# Work station



## stuarth44 (Oct 17, 2021)

weight abt 600kg
top 350 steel
3 rams, one to use horizontally 
one to form the rolling and plate stretching, one form part spheres
600 dollars of hydraulic fitting and file fit hose to arrive tomorrow pressure up to 3500 I only use a fraction of that, formers stretchers driven by hyd/ radial motor, flo control  to the motor and all circuits to really slow it all right down
form 1/4 steel or alu ,solenoids 24 volt


----------



## stuarth44 (Oct 19, 2021)

made the forming roller some sort of synthetic bearing material, just the hoses to make up now, advantage that when roll forming the material does not leave heavy marks
these big plates i did on my  big machine


----------



## matthewsx (Oct 19, 2021)

That looks like a beautiful boat, any pictures of it completed?


----------



## stuarth44 (Oct 19, 2021)

matthewsx said:


> That looks like a beautiful boat, any pictures of it completed?

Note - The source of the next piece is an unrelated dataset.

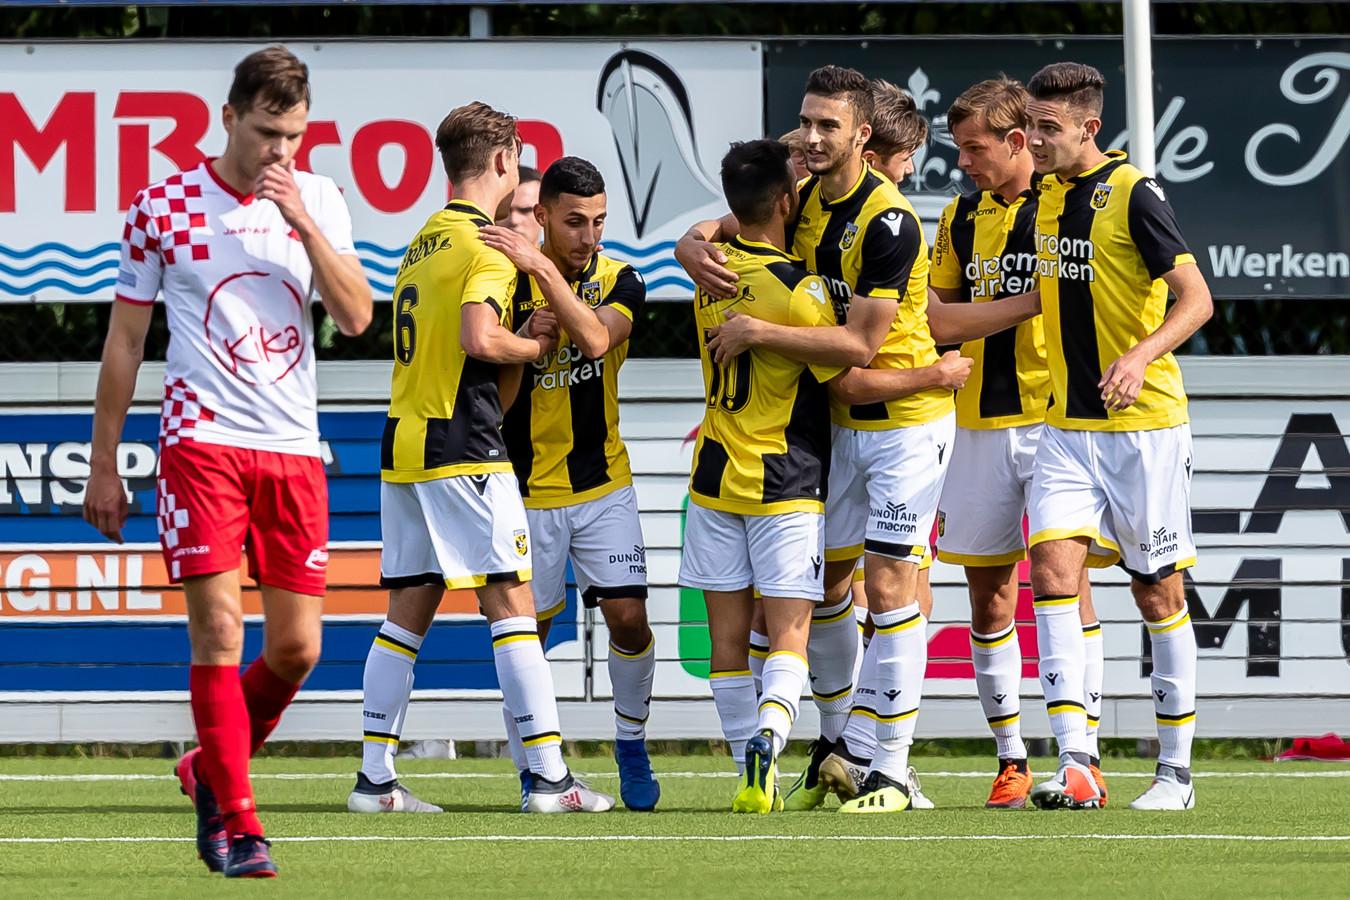 Mike de Beer wordt bejubeld na zijn 0-1 bij Kozakken Boys

yes, built 3 of those model CAPE 40   designer Mummery
i built all of these search cape 40 mummery


----------



## stuarth44 (Oct 19, 2021)

i built all of those, jus t old now


----------



## matthewsx (Oct 20, 2021)

Just keep going, your work is still inspiring.


----------



## stuarth44 (Oct 20, 2021)

matthewsx said:


> Just keep going, your work is still inspiring.


thank you very much


----------